TRY IT:
Please give back the listing below word for word and drop any images.

DATA BELOW:
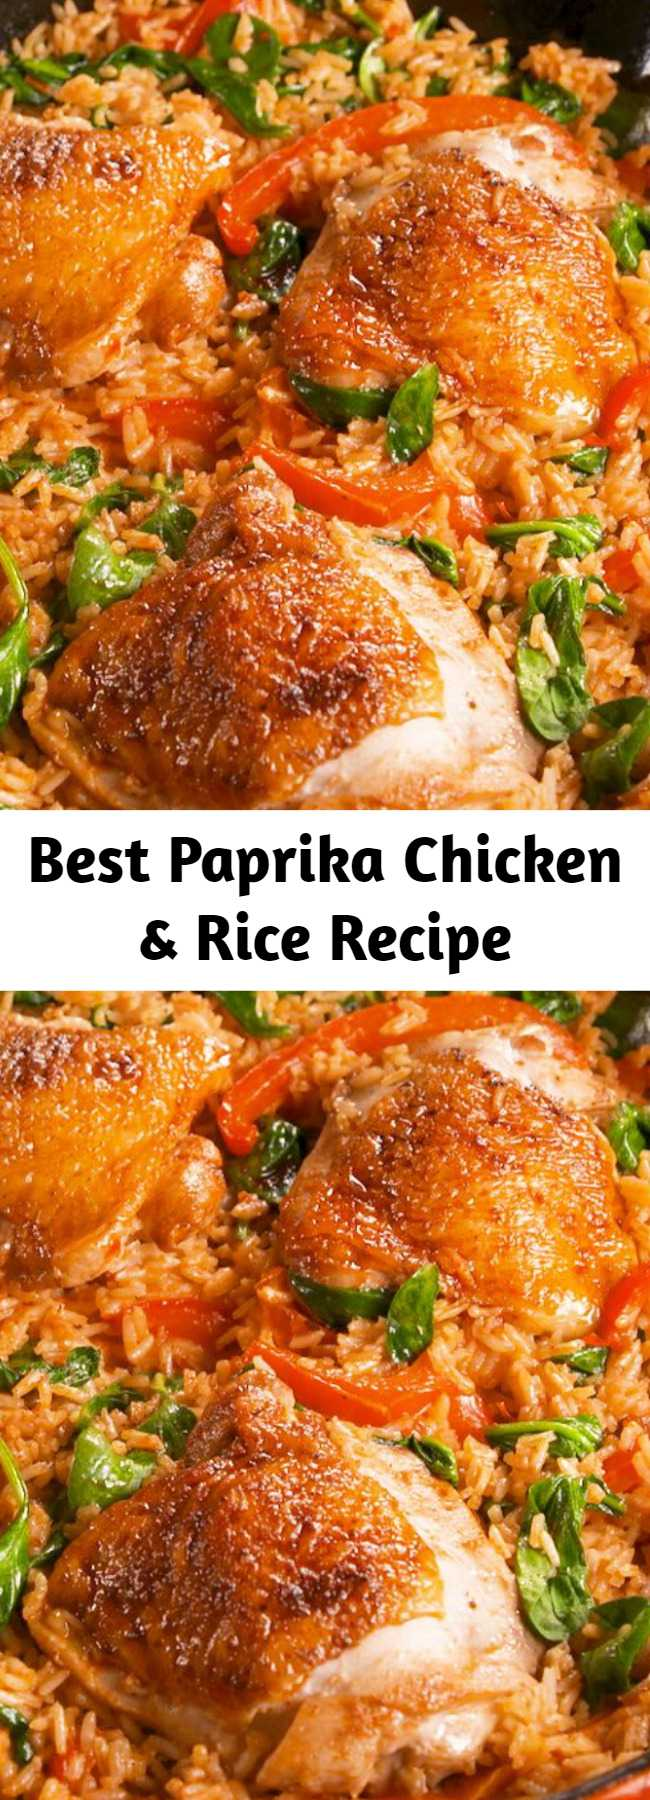 Best Paprika Chicken & Rice Recipe - Weeknight dinner all-star. #food #easyrecipe #dinner #familydinner #chicken
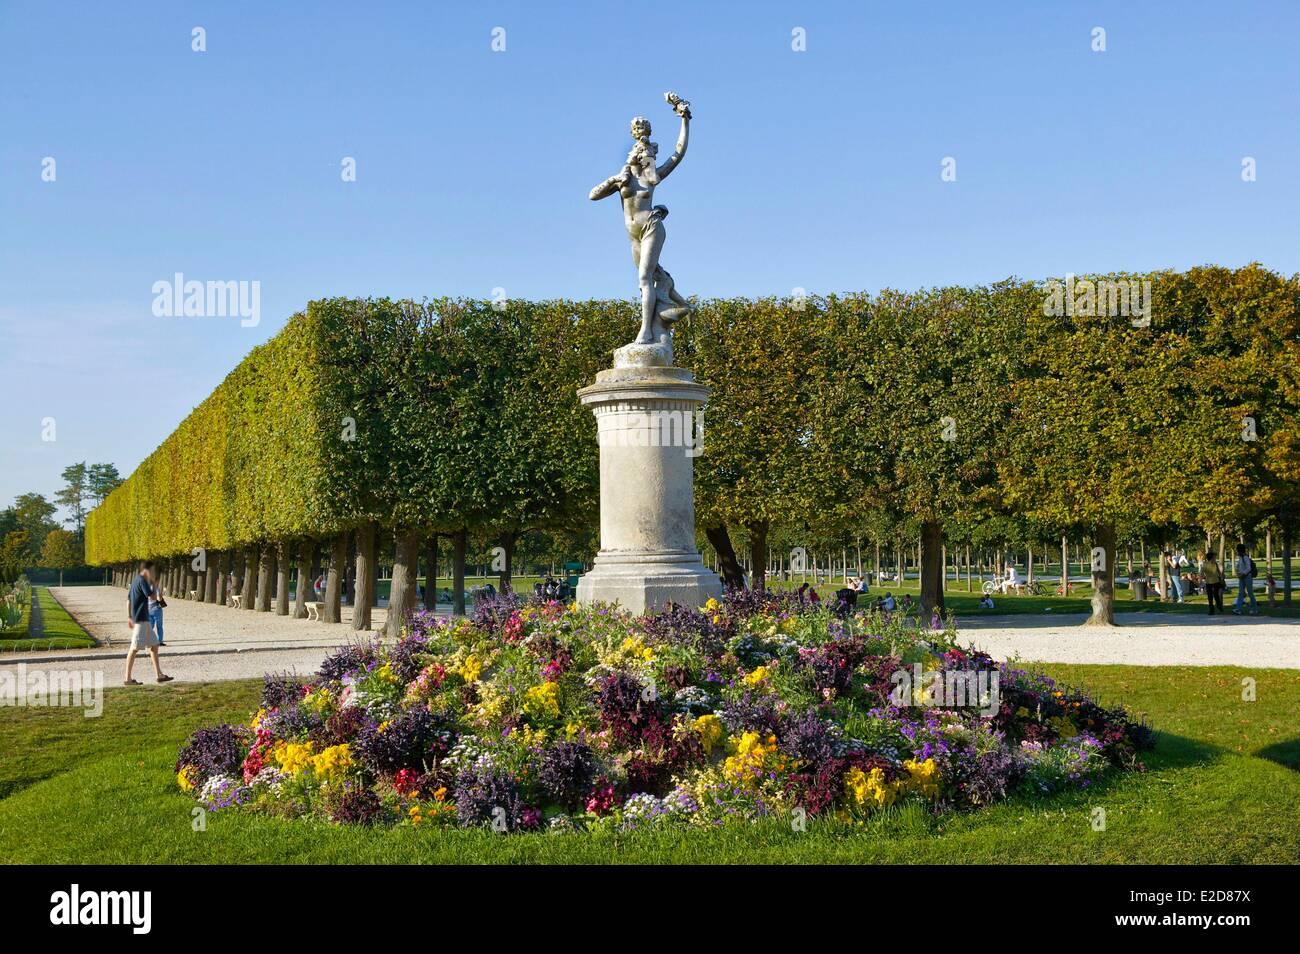 france yvelines saint germain en laye castle park gardens designed by stock photo royalty free. Black Bedroom Furniture Sets. Home Design Ideas
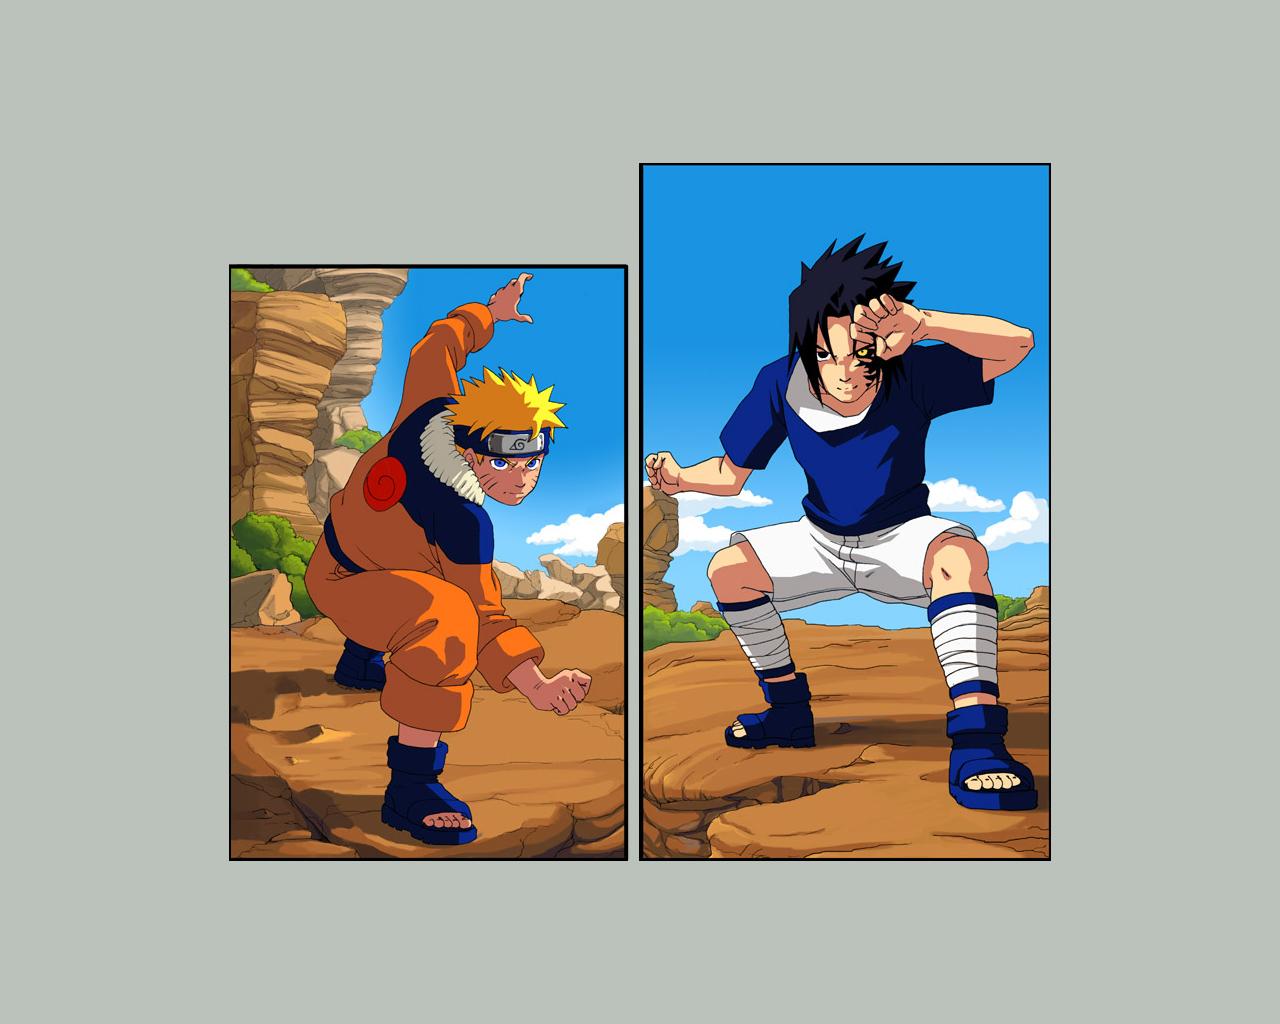 http://4.bp.blogspot.com/-nbqtH4QaZFI/TzioqJRElyI/AAAAAAAAAXg/psDE7ozsX50/s1600/Sasuke_vs_Naruto_Wallpaper-294540.jpeg

RESPONSE AREA:
 Best Paprika Chicken & Rice Recipe - Weeknight dinner all-star. #food #easyrecipe #dinner #familydinner #chicken
 france yvelines saint germain en laye castle park gardens designed by stock photo royalty free. Black Bedroom Furniture Sets. Home Design Ideas
 http://4.bp.blogspot.com/-nbqtH4QaZFI/TzioqJRElyI/AAAAAAAAAXg/psDE7ozsX50/s1600/Sasuke_vs_Naruto_Wallpaper-294540.jpeg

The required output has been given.